Whole-cell patch-clamp recordings [2]
Whole-cell patch-clamp recordings of excitatory postsynaptic currents (EPSCs) were obtained from CA1 pyramidal neurons using standard techniques. Infrared illumination coupled to digital image correction optics with a 63× water immersion objective was used to visualize cell bodies of CA1 pyramidal neurons in stratum pyramidale of hippocampal slices, allowing assessment of the health of the cells and recording from identified pyramidal neurons under visual guidance. Patch pipettes were pulled from standard-wall borosilicate glass with a P-97 Flaming/Brown Micropipette Puller, with tip resistances of 4–5 MΩ when filled with internal solution containing (in mmol/l): 125 Cs-methylsulfate, 8 NaCl, 5 Na-phosphocreatine, 5 MgCl2, 2 Na-ATP, 0.3 Na-GTP, either 0.5 EGTA or 5 BAPTA, 40 HEPES, and 5 QX314 (pH = 7.3, adjusted with CsOH, 285 mOsm).
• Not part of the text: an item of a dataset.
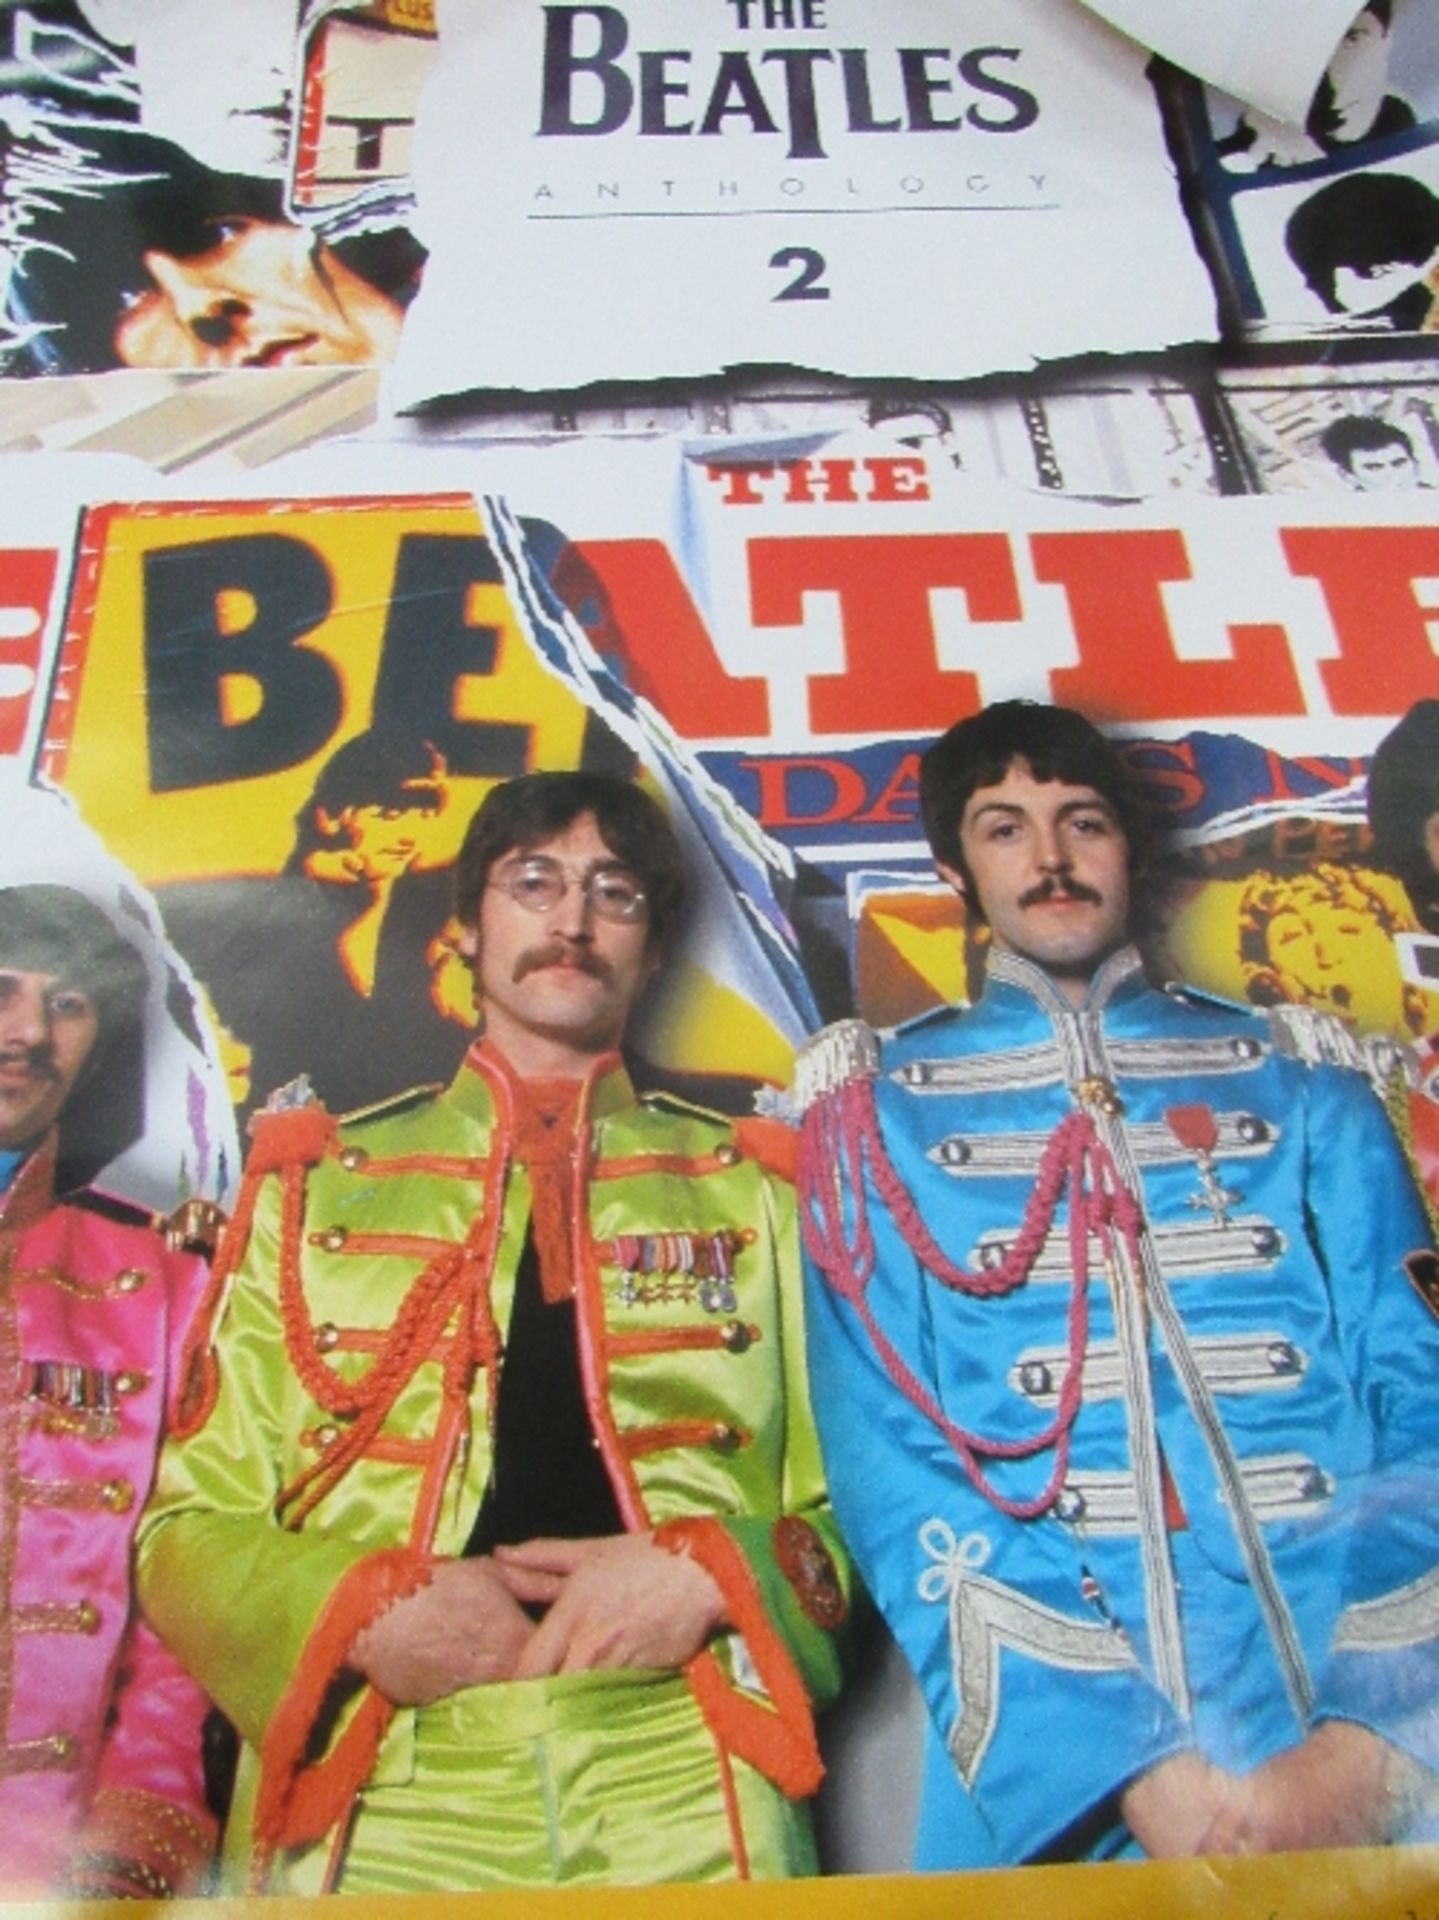 4 Beatles Anthology posters including un-issued Anthology 3 poster. Estimate £20-30. - Image 2 of 5

Access resistances were measured regularly during recording (typically less than 20 MΩ), especially before and after bath application of Rapastinel/RAP, and any cells that varied by more than 10% were excluded from further analysis. Synaptic EPSCs in CA1 pyramidal neurons were evoked by stimulation with a bipolar tungsten stimulating electrode placed in stratum radiatum (~100–300 µmol/l to the side of the recorded cell and 50–100 µmol/l from stratum pyramidale). Single stimulus (80 µs, 20–50 mA) evoked NMDAR-dependent EPSCs were amplified with a Multipatch 700B, filtered at 3 kHz and digitized at 10 kHz with an analog-to-digital board, and analyzed off-line with Clampfit. NMDAR currents were pharmacologically isolated by adding the following to the extracellular aCSF: 6-nitro-2,3-dioxo-1,2,3,4-tetrahydrobenzo[f]quinoxaline-7-sulfonamide (10 µmol/l) and bicuculline (20 µmol/l), to block 2-amino-3-(3-hydroxy-5-methyl-isoxazol-4-yl)propanoic acid and γ-aminobutyric acid receptors, respectively. For generation of current-voltage (I/V) relations, NMDAR currents were recorded at holding membrane potentials from −90 to 10 mV, at intervals of 10 mV.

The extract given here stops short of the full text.